CVE-2024-54674 is a stored cross-site scripting (XSS) vulnerability identified in the open-source Malware Information Sharing Platform & Threat Sharing (MISP) software, specifically in the app/View/GalaxyClusters/cluster_export_misp_galaxy.ctp component. This vulnerability exists in MISP versions through 2.5.2 and is triggered when exporting custom clusters into the misp-galaxy format. The flaw allows an attacker to inject malicious JavaScript code that is stored on the server and executed in the browser context of users who perform the export operation. The vulnerability stems from insufficient sanitization or encoding of user-supplied data before rendering it in the export template, classified under CWE-79 (Improper Neutralization of Input During Web Page Generation). The attack vector is network-based, requiring no privileges but does require user interaction (exporting the cluster). The vulnerability impacts confidentiality and integrity by enabling script execution that could steal session tokens, manipulate displayed data, or perform actions on behalf of the victim user. The CVSS 3.1 score of 6.1 reflects medium severity due to the combination of ease of exploitation and potential impact. No patches or fixes are currently linked, and no known exploits have been reported in the wild, indicating this is a newly disclosed vulnerability. MISP is widely used by cybersecurity teams, CERTs, and threat intelligence communities for sharing threat data, so the vulnerability could be leveraged to compromise trusted environments if exploited.

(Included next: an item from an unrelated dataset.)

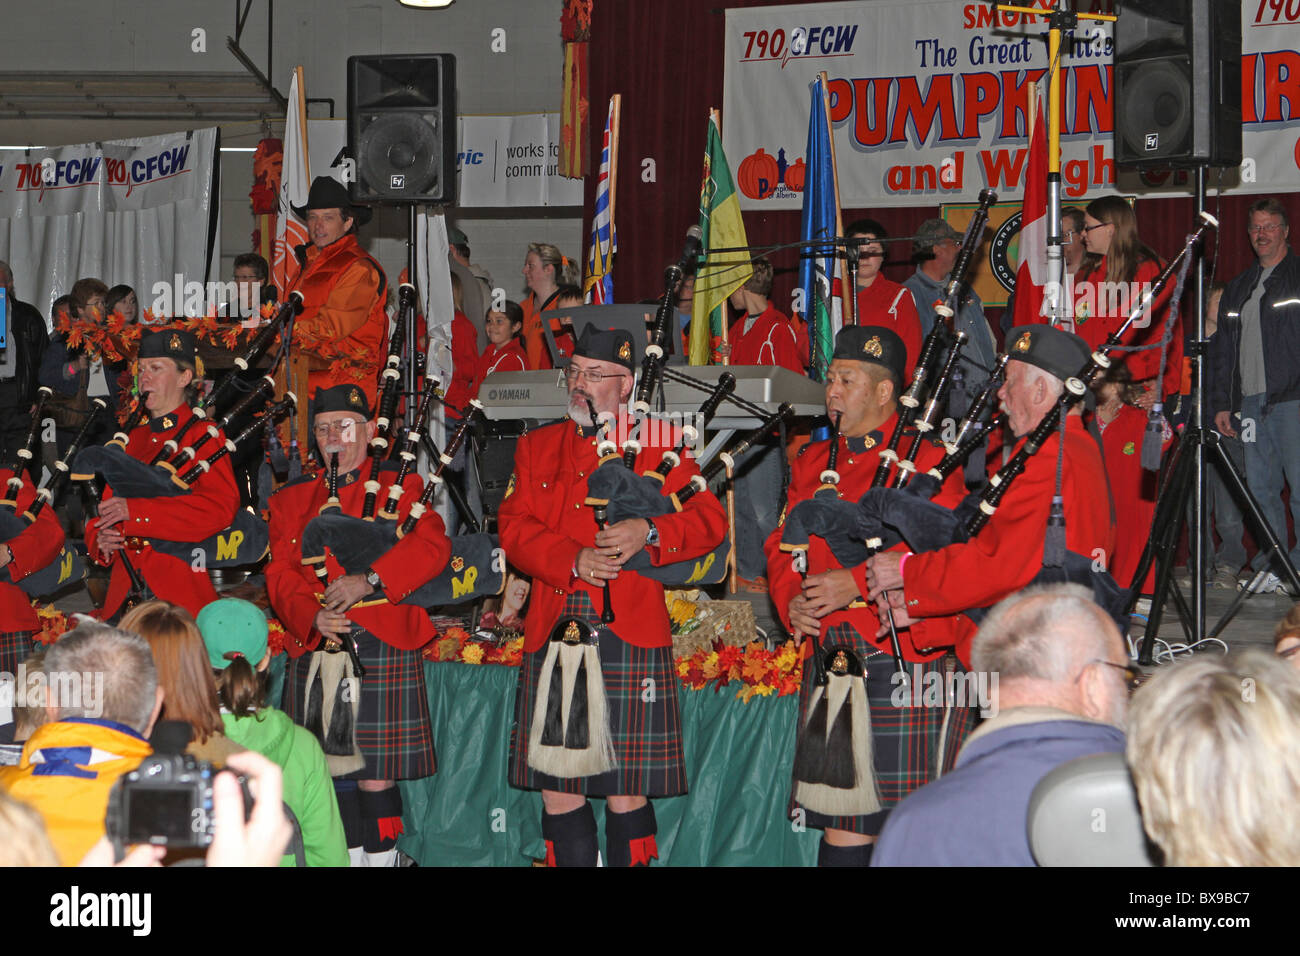 Highland band in Smokey Lago, Alberta, Canada Foto Stock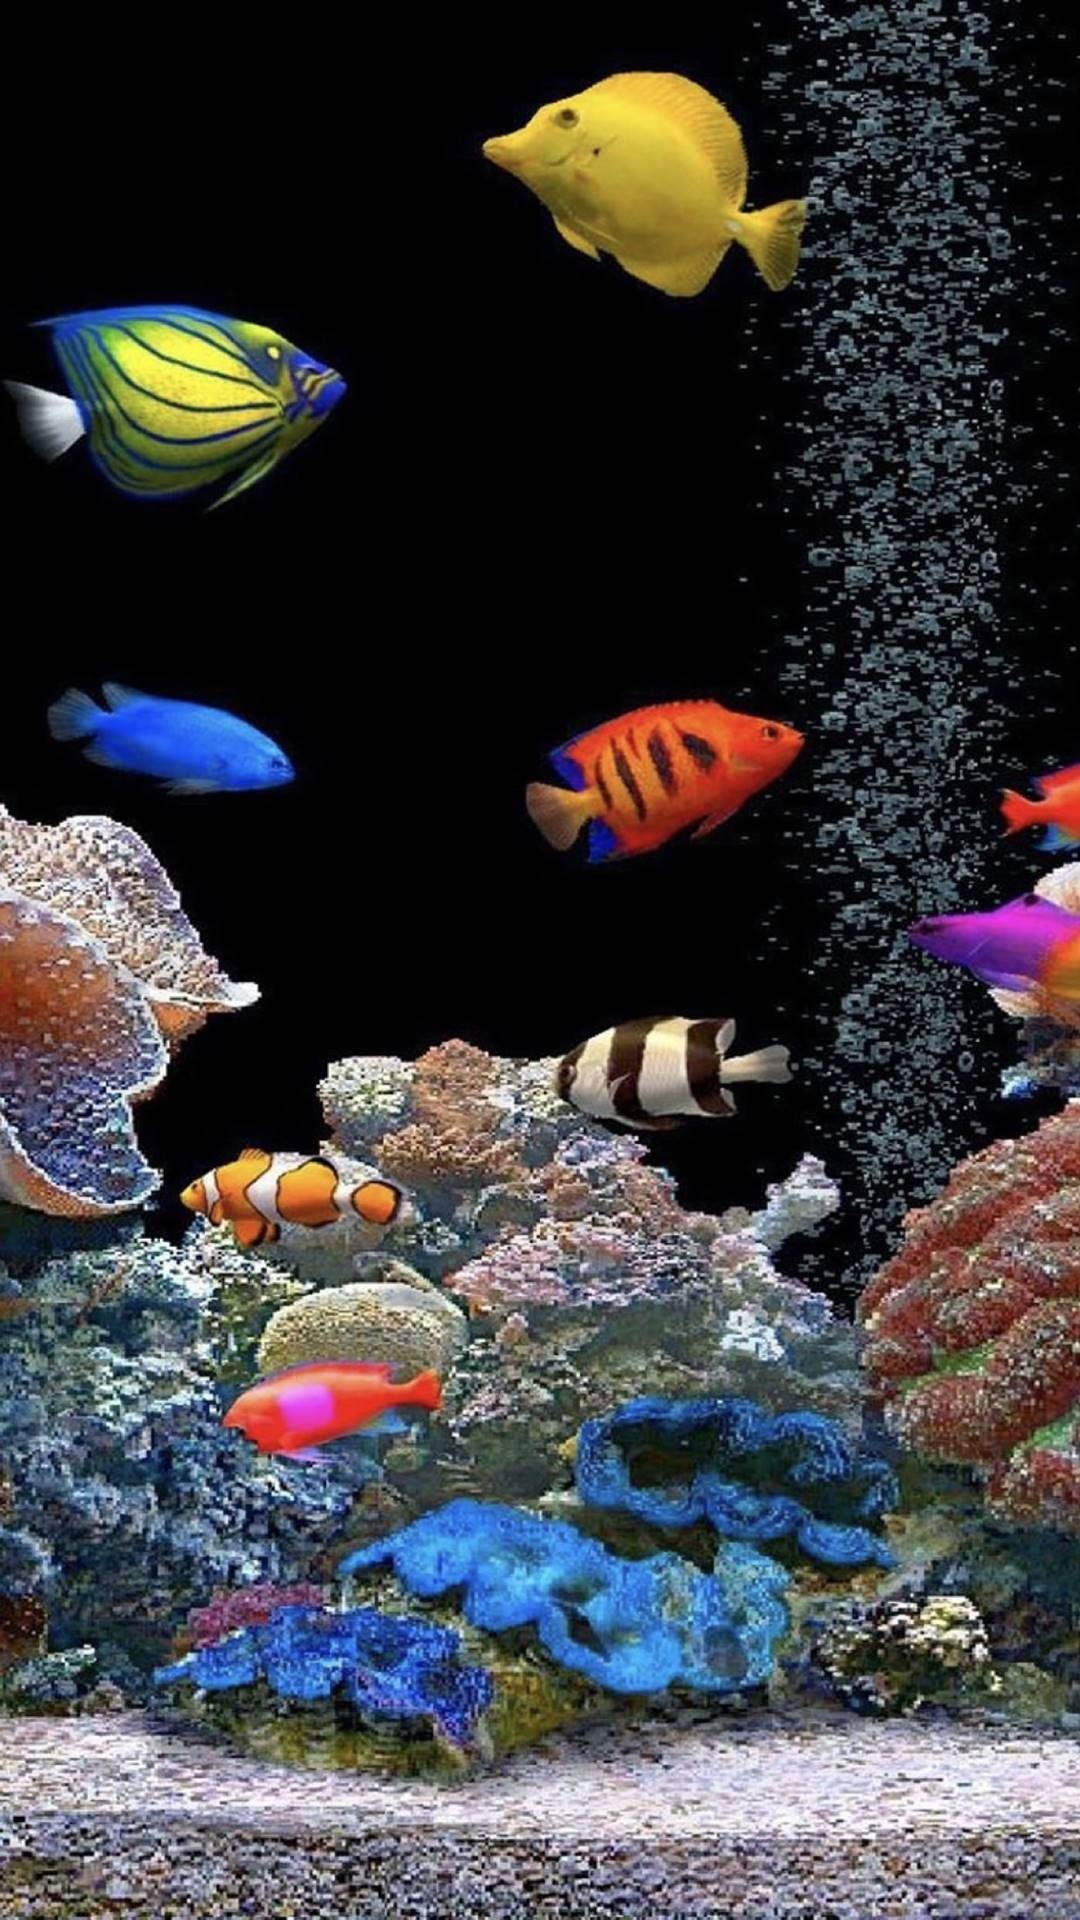 Aquarium screensaver, Relaxing underwater visuals, Serene atmosphere, Tranquil aquatic experience, Nature's calm, 1080x1920 Full HD Phone

The impact of CVE-2024-54674 is primarily on confidentiality and integrity within organizations using vulnerable MISP versions. Successful exploitation could allow attackers to execute arbitrary scripts in the context of users exporting clusters, potentially leading to theft of session cookies, unauthorized actions within the MISP interface, or injection of malicious content into exported data. This could undermine trust in threat intelligence sharing platforms and lead to further compromise if attackers pivot from stolen credentials or session tokens. Although availability is not directly affected, the reputational damage and potential data leakage could be significant for organizations relying on MISP for critical security operations. Given MISP’s role in cybersecurity communities worldwide, the vulnerability could facilitate targeted attacks against security teams, especially in sectors like government, finance, and critical infrastructure. The requirement for user interaction (exporting clusters) limits automated exploitation but does not eliminate risk, especially in environments with many users or automated workflows.

To mitigate CVE-2024-54674, organizations should: 1) Upgrade MISP to a version where this vulnerability is patched once available; monitor official MISP channels for updates. 2) Implement strict input validation and output encoding on all user-supplied data in export templates to prevent script injection. 3) Restrict export functionality to trusted users and limit permissions to reduce exposure. 4) Educate users about the risks of exporting data from untrusted sources and encourage cautious handling of exported files. 5) Employ Content Security Policy (CSP) headers to reduce the impact of potential XSS by restricting script execution contexts. 6) Monitor logs and user activity for unusual export behavior that could indicate exploitation attempts. 7) Consider isolating MISP instances or using network segmentation to limit attacker movement if compromise occurs. These steps go beyond generic advice by focusing on both immediate risk reduction and long-term secure coding practices.